In August, over 350 new datasets were published on Kaggle, in part sparked by our $10,000 Datasets Publishing Award. This interview delves into the stories and background of August's three winners–Ugo Cupcic, Sudalai Rajkumar, and Colin Morris. They answer questions about what stirred them to create their winning datasets and kernel ideas they'd love to see other Kagglers explore.
If you're inspired to publish your own datasets on Kaggle, know that the Dataset Publishing Award is now a monthly recurrence and we'd love for you to participate. Check out this page for more details.
First Place, Grasping Dataset by Ugo Cupcic
Can you tell us a little about your background?

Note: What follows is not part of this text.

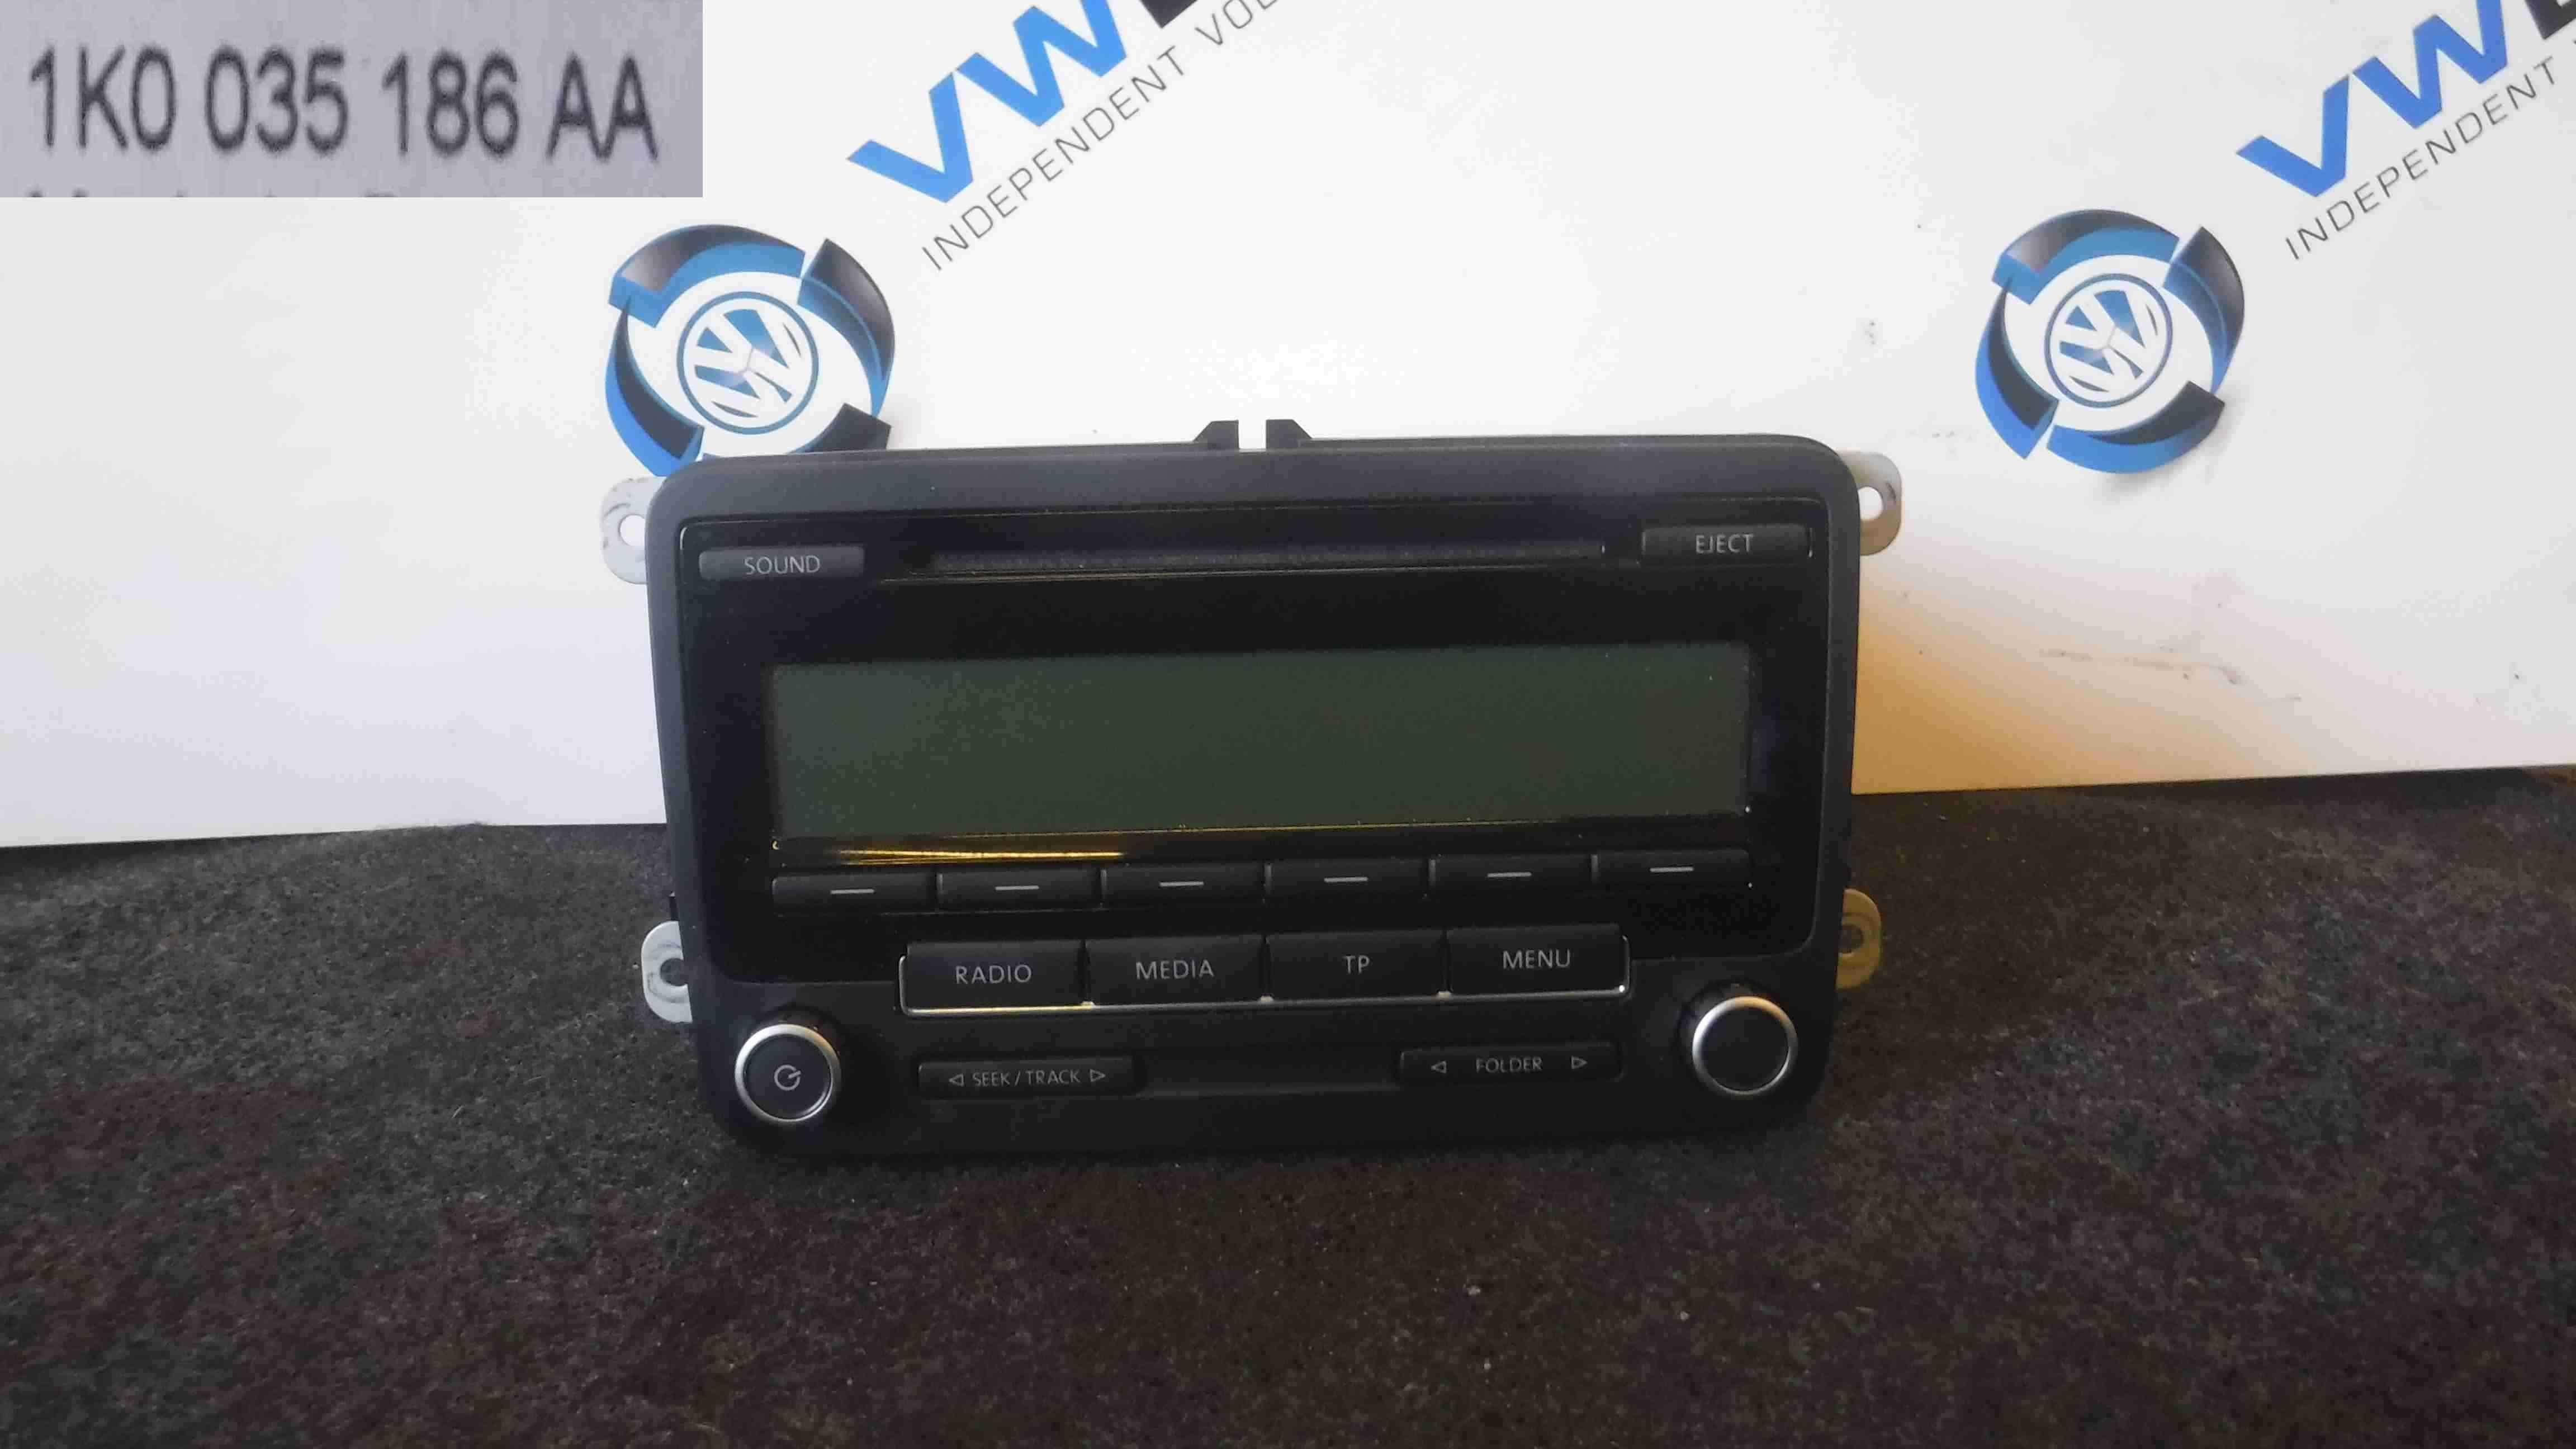 Volkswagen EOS 2005-2016 Radio Cd Player Head Unit 1K0035186AA

I’m the Chief Technical Architect at the Shadow Robot company. I joined Shadow in 2009 after working briefly for a consulting firm in London. I joined Shadow as a software engineer when it was still a very small company. I then evolved as the needs of the company diversified while growing - senior software engineer, head of software and finally CTA. My background is in bio-informatics (!) and AI. Feel free to connect on Linkedin if you want to know more.
What motivated you to share this dataset with the community on Kaggle?

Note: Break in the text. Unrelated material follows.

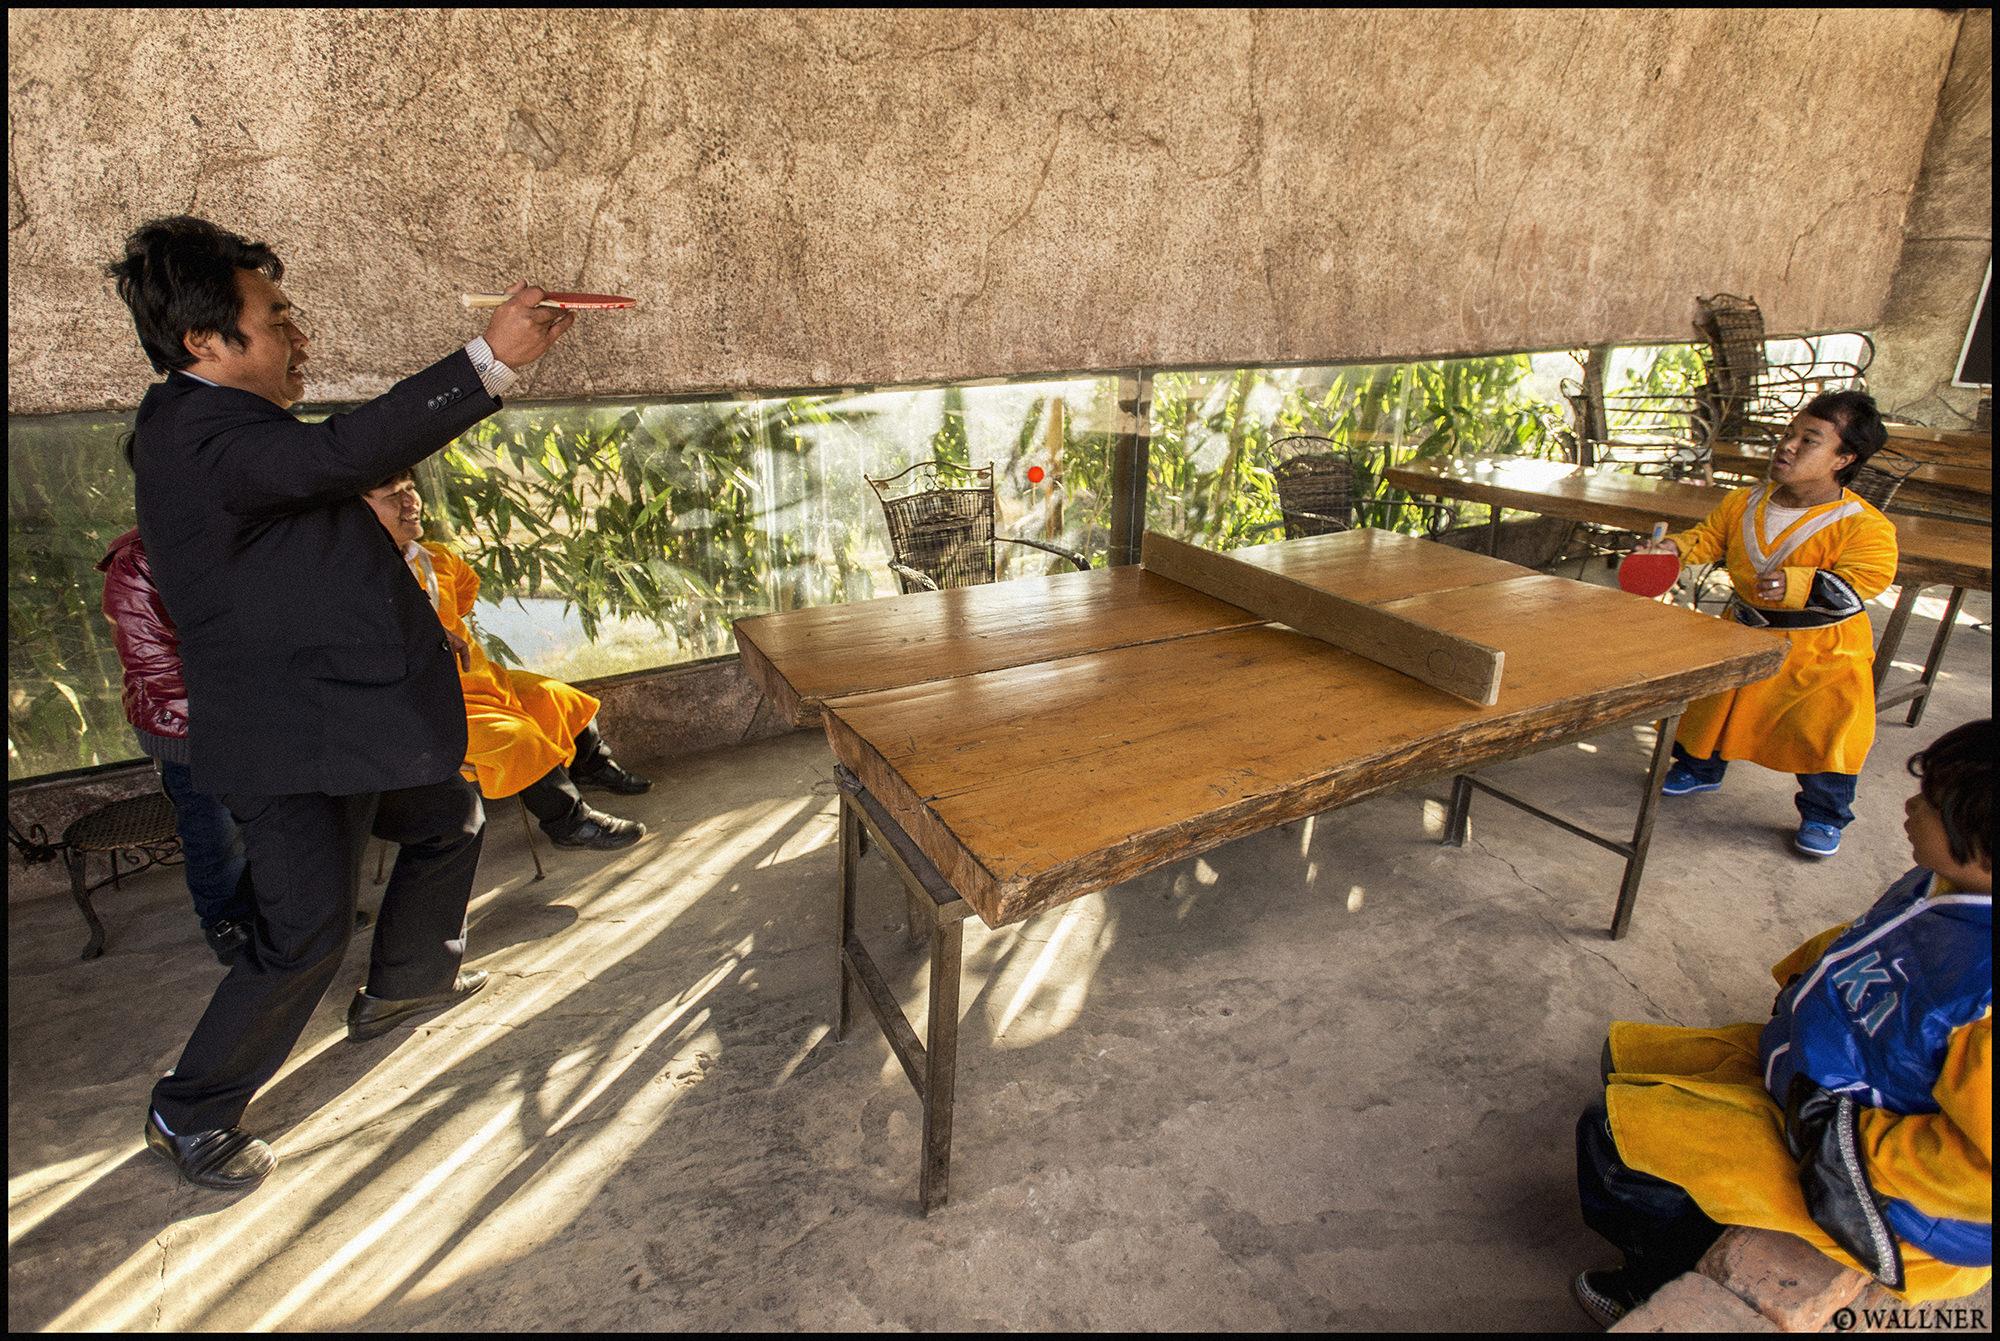 Digital Patrik Wallner Kunming Ping Pong LOWQ 2000P w WM

I had no idea there was a prize! At Shadow, we have a strong open source culture. As you can see on github, we share as much of our code as we can. We’re also active in the ROS community. It was then logical for us to share this dataset.

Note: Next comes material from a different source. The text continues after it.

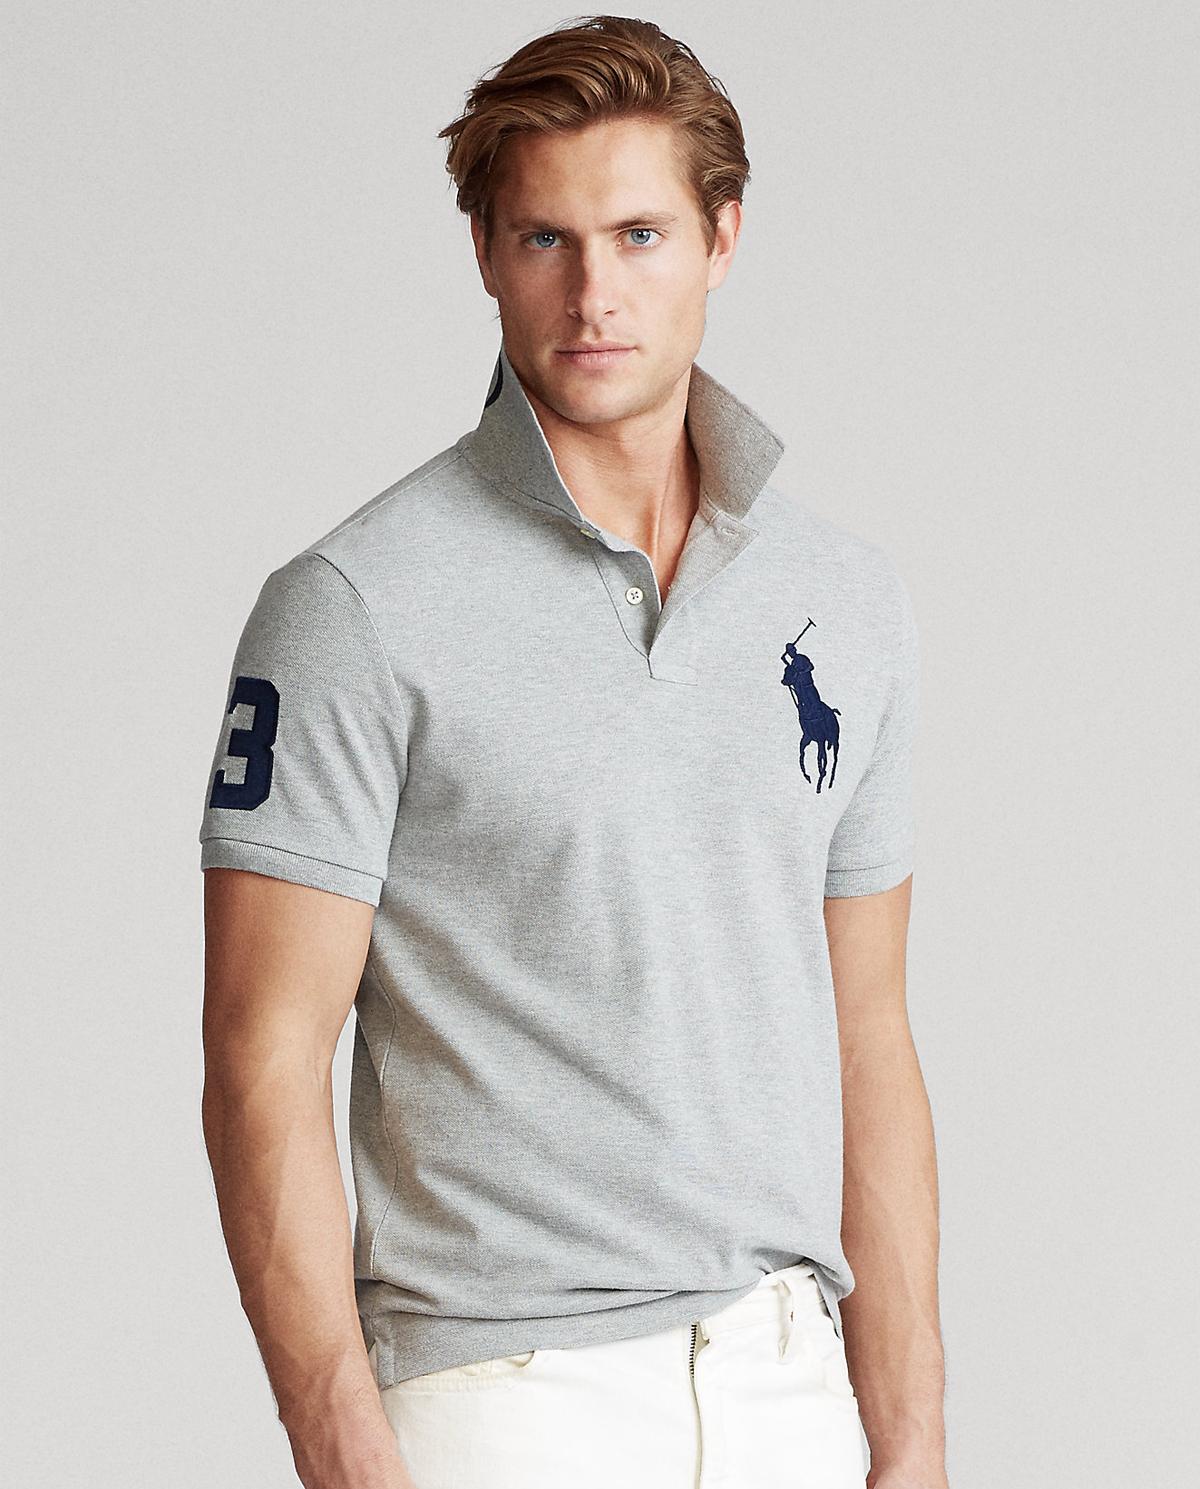 Męska koszulka polo Slim Fit Mesh 710781433004

I was personally very keen to step into the Kaggle community. For someone who is more of a roboticist than a pure Machine Learning person, Kaggle seems to be the de facto platform for sharing ML problems, datasets, etc. I’m always looking to get fresh ideas from people who’re working on relevant fields, but can be outside of robotics.
What have you learned from the data?
It’s a first delve into using machine learning to robustly predict a grasp stability. The dataset can’t be used to deploy the trained algorithm on a real robot (yet). We’d have to invest more efforts in a more robust simulation for grasping before this would happen.
Determining whether a grasp will succeed or fail before you lift the object - or before the object falls is a hot topic. In the video below, you can see the live grasp prediction working in the simulated sandbox. Grasp stability measurement is well studied in robotics, but it often assumes having a good knowledge of the object you’re grasping and its relation to the robot. My goal is to see how far we can go without this.
If you want the full details behind the dataset you should take a look at my associated Medium story.
What questions would you love to see answered or explored in this dataset?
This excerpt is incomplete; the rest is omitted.